The app synchronized with Salesforce Field Service, where automations kept modifying the same dataset while the tablet was offline: a crew could spend hours editing data that had meanwhile changed on the server. The sync had explicit conflict rules: what merges automatically, which side wins, and what must go back to a person.

A huge catalog of work-order types, zero hard-coded screens

No team can hand-design a screen for every work-order type of a multi-commodity operator. Types were defined server-side as sets of variable fields; the app downloaded the definitions and interpreted them at runtime, rendering inputs, information, and automatic calculations for each type. A new work-order type could reach the field without touching the app.
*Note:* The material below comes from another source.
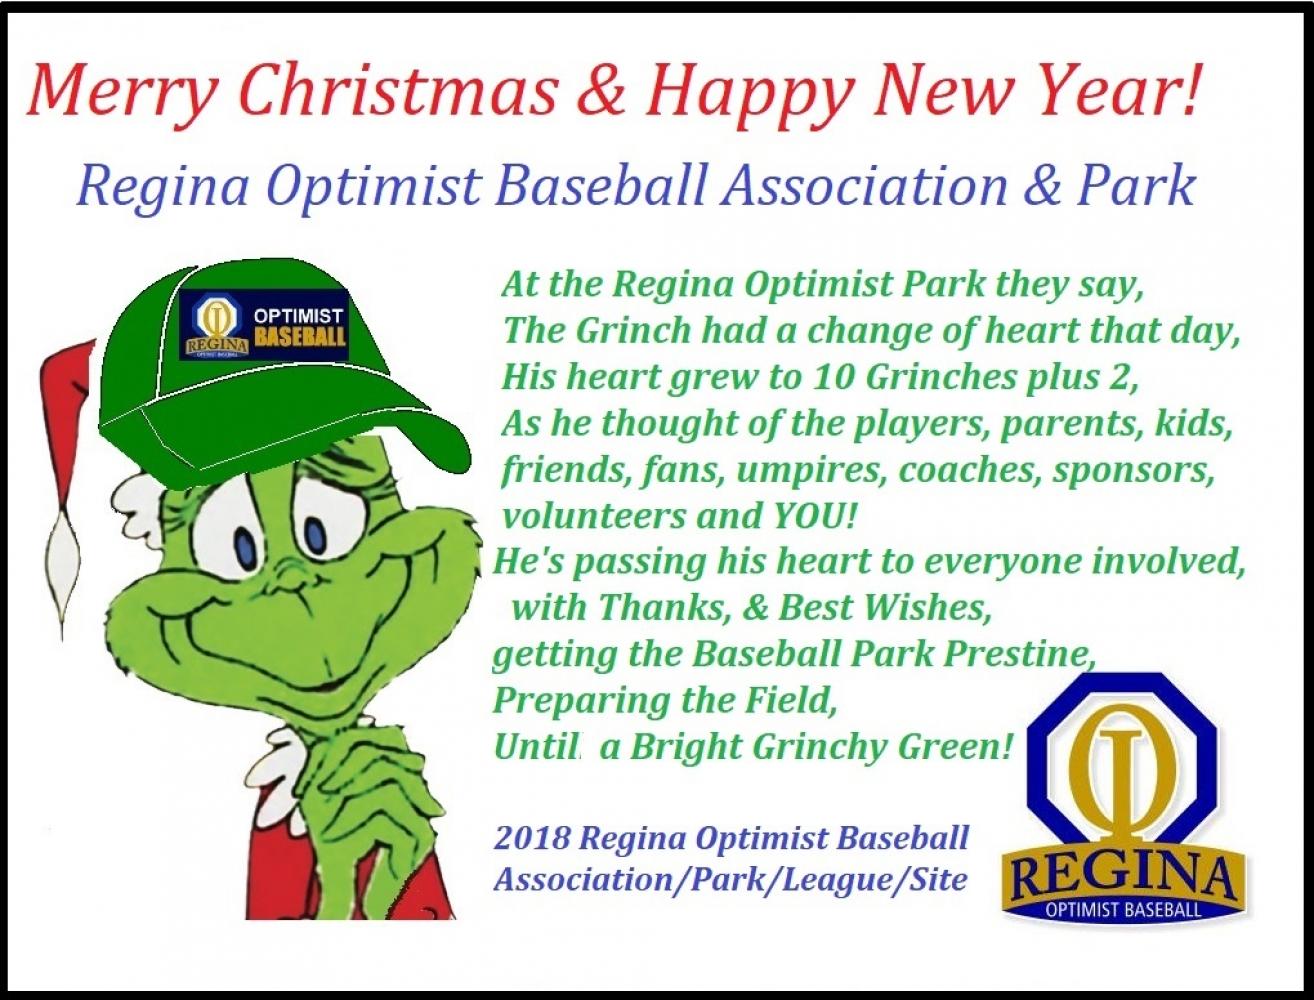 Merry Christmas & Happy New Year from The Regina Optimist Baseball Association!!!

An interface for people who preferred paper

The users were experienced field technicians, many close to retirement, skeptical about trading their paper workflow for a tablet. The UI was designed around their habits and vocabulary and refined continuously through direct feedback from the crews. Adoption was treated as a feature, with its own iterations.

Debugging without bug reports

The crews could not be asked to reproduce a bug or provide technical details. So we built a diagnostic system into the app: it logged to local files and shipped them to our server at the end of each day, where analysis scripts combed them in bulk for recurring patterns and known signatures. Problems surfaced early, without depending on user reports.
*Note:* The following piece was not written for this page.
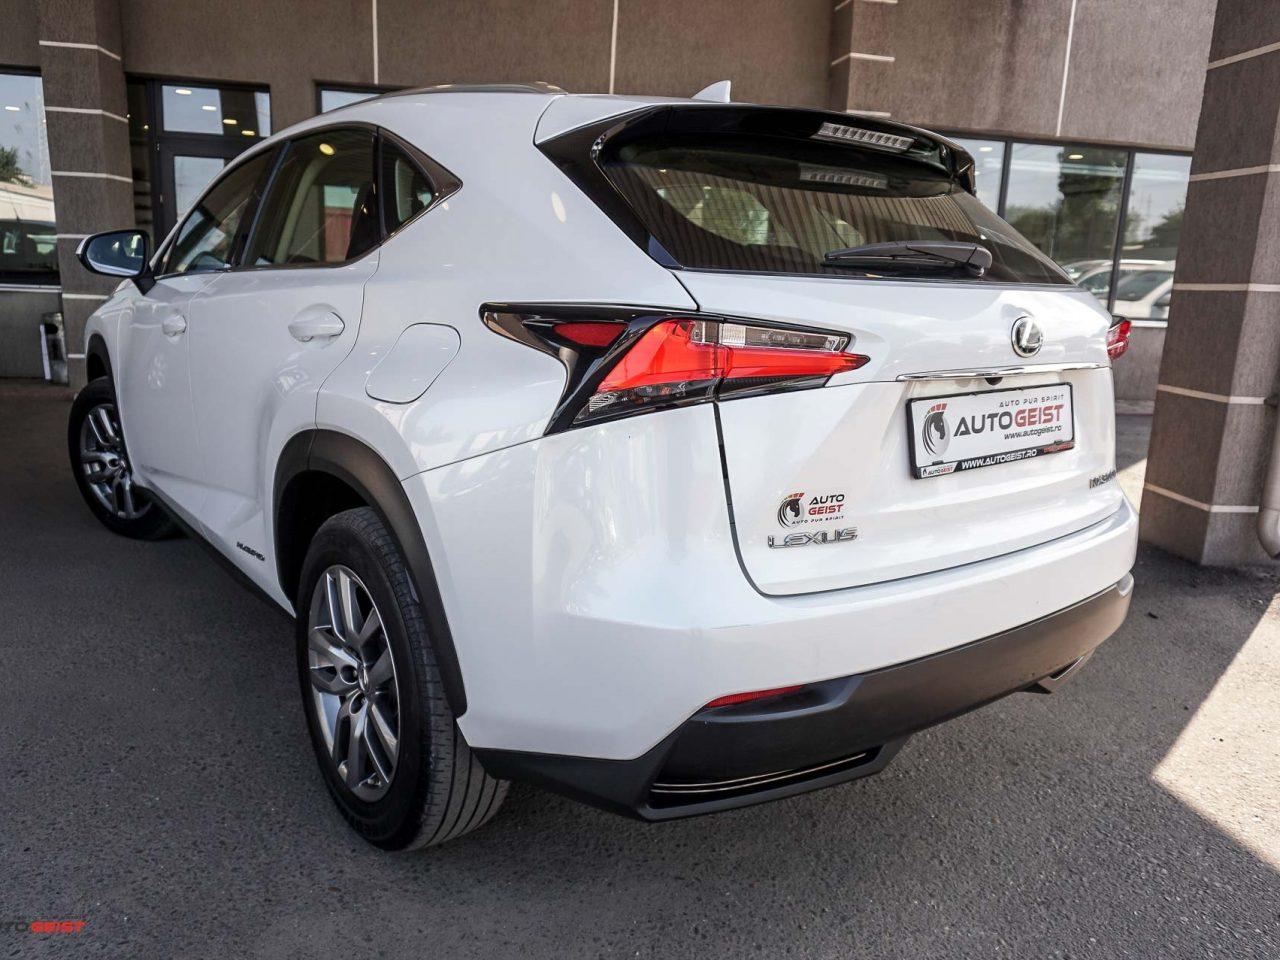 lexus-nx300h-hybrid-1023-02440

Living within the limits of a cloud platform

Salesforce, as a multi-tenant cloud, enforces strict limits on API usage and processing. Sync frequency, payload sizes, and batching were designed around those limits from the start, keeping the app fast without ever hitting the platform’s ceilings.

Results

  • up to -40% intervention times across the platform
  • 20,000+ km of networks served
  • 3.5M+ supply points served
  • 6 months from kickoff to the first release in production
  • One of the largest Salesforce Field Service implementations in Italy: hundreds of field crews using the app daily, about 100 dispatchers on the back end, and adoption achieved among a workforce that started out skeptical. Platform results belong to the whole team; the field app was my part.
No or poor signal: basements, meter roomsAndroid app (tablet)local store + sync queueBluetooth probecommands to the meterresilient syncwhen the network allows itSalesforce Field Serviceautomations on the same datasetTIBCO · MuleSoftREST/SOAP integrationsExternal systemsERP, PostgreSQL, legacy
The offline-first architecture, simplified.

What I learned

When data cannot be collected twice, durability beats everything: you design storage and sync around the worst failure first, and think about speed after. And the worst network is not the missing one, it is the one that half-works.

Software succeeds when people actually use it. Listening to skeptical users and iterating on their feedback did more for the project than any single technical choice, and treating adoption as part of the product is a habit that stayed with me.